Unfortunately, in order to show the parents their mistake, he said something like this: “It was your lack of interest in her which caused the illness. Even though she is a girl, you must give her all the attention she deserves in your home, etc., etc.” and the mother, hearing this not undeserved blame, turned angrily to her daughter, accusing her of bringing discredit to the family. There was a violent scene, with Fanny in tears pleading with her mother, swearing that she wanted nothing more than to be with her again.
The next day, when she saw me alone, she blamed me for betraying her, for trying to make her lose the little love her mother still had for her. Finally, her mother asked me to stop the treatment, saying she was sure that a mother’s love – even a disparaged mother – could do more good than all the psychiatry in the world.
We could only hope that this violent crisis which had flung them into each other’s arms would have the best effects – something that was possible now that the most difficult work had been done. Later, we had news about Fanny indirectly: for two months after returning home, Fanny continued to gain weight steadily, without any treatment, which was unprecedented since the onset of the illness. But gradually the anorexia – alone – reappeared, and after a year she had to be hospitalised again. We learned nothing further.
This case study resembles that of the treatment of an adult. Yet the parental omnipotence manifests itself just as strongly as in the previous cases.
We therefore wonder, as Sophie Morgenstern pointed out, whether the psychoanalysis of the parents would not be the true answer. Certainly, despite the difficulties this solution might raise, in some cases it could be considered, at least for one of the parents, if the child’s analysis shows that parent’s neurosis to be particularly harmful.

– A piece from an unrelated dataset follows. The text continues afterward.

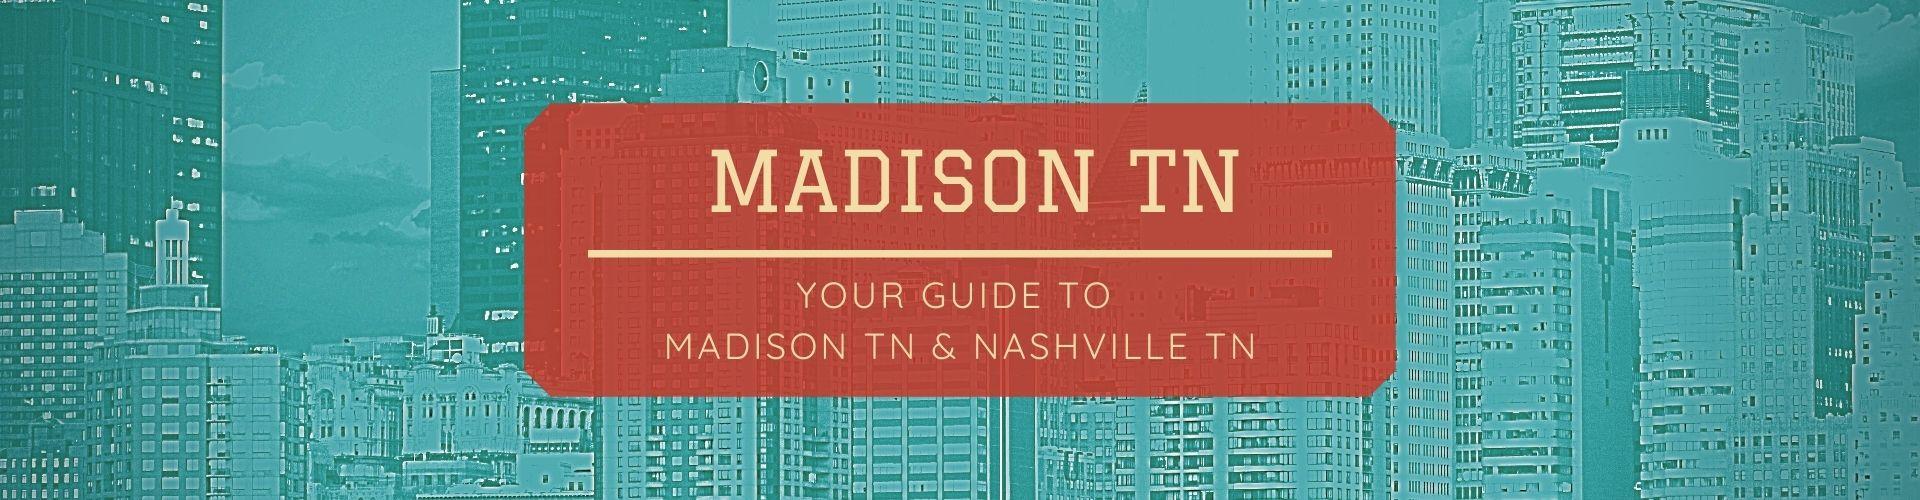 Madison TN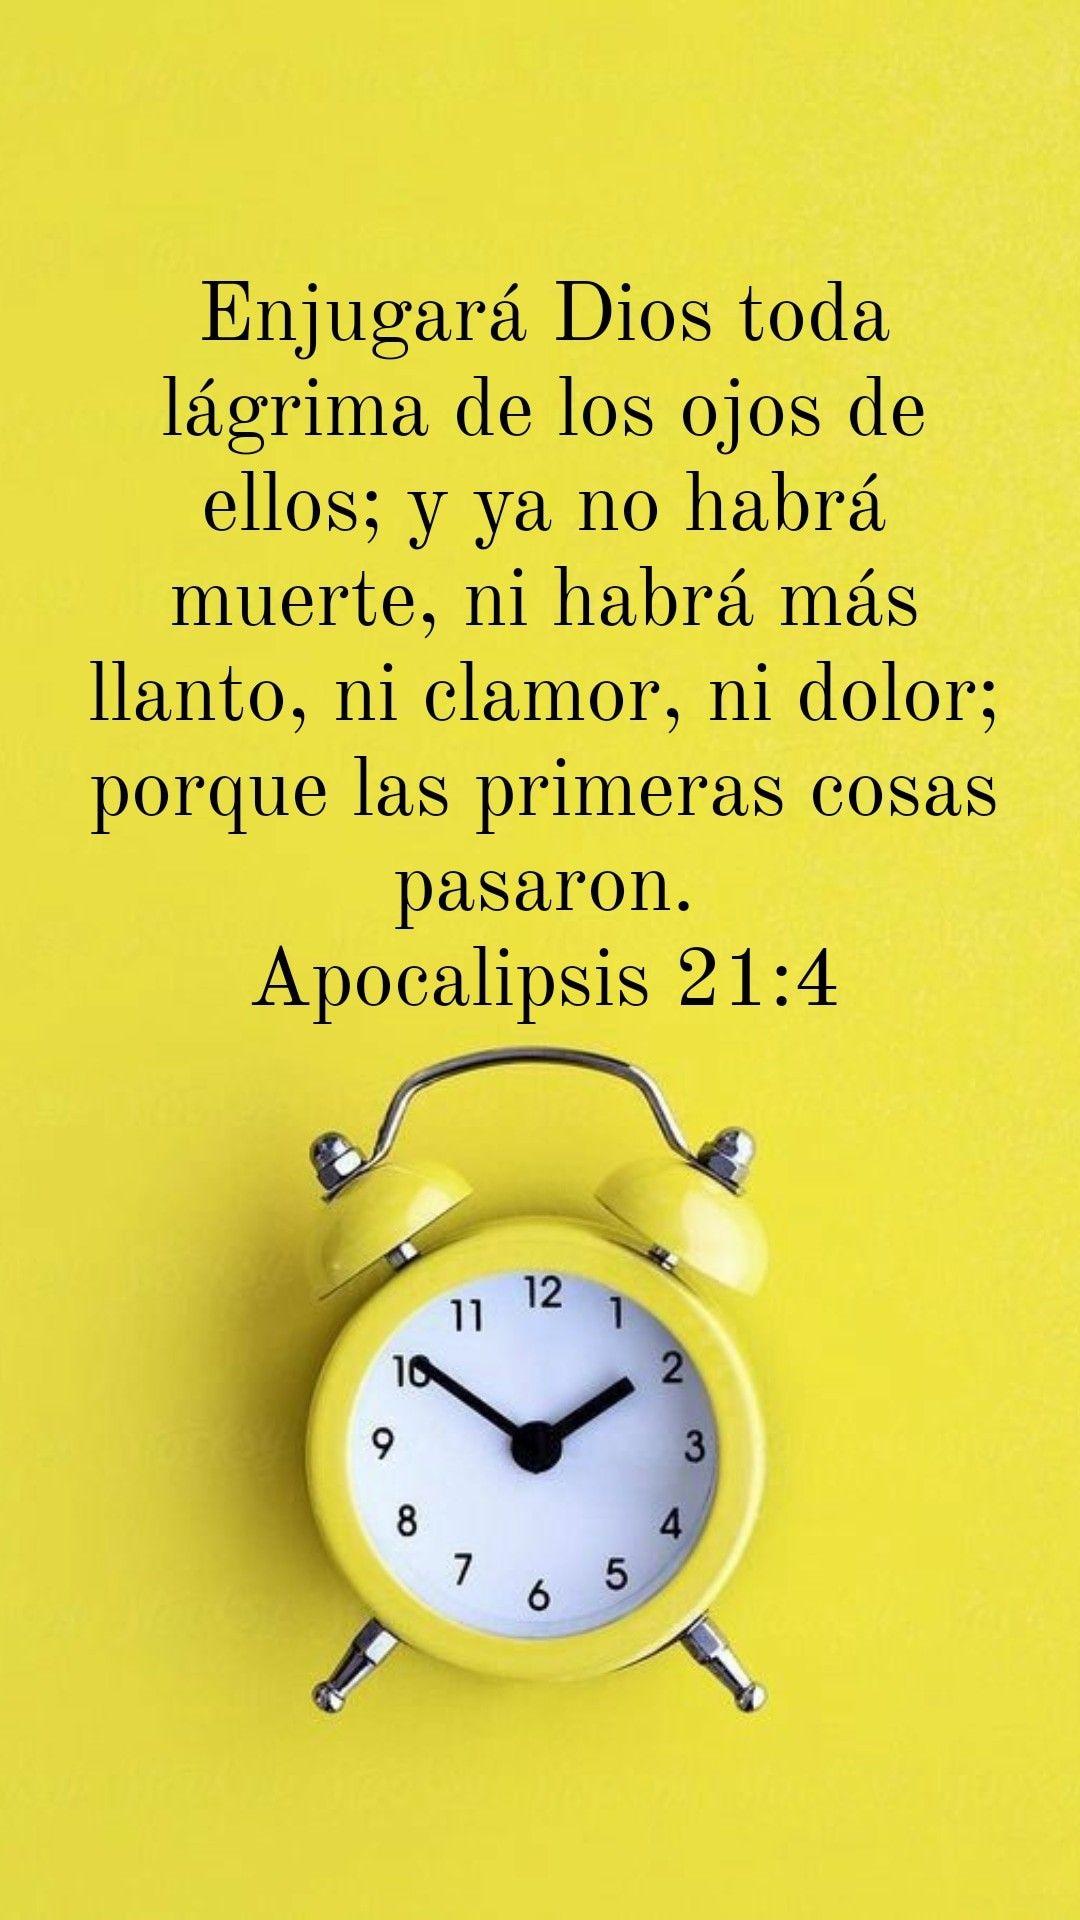 Apocalipsis 21 4 Frases Biblicas De Animo Reflexiones De Dios Palabra De Dios Biblia

An intervention by J. Lacan
Dr. Lacan asks to what limits a child analysis should be taken. A dead branch floating down the stream cannot be considered altogether dead. It has boughs to which other material becomes attached, so that at a certain point a barrage is formed. Couldn’t a symptom isolated by a brief therapy do the same thing? He wishes to highlight two points. First, the fact that anorexics always have phallic phantasies. He cites dreams in support of this observation. And second, in his recollections of working in polyclinics, there are about thirty cases of anorexia nervosa; all of them involved Jewish boys.
1939. Revue française de psychoanalyse 11 (2), 252-272.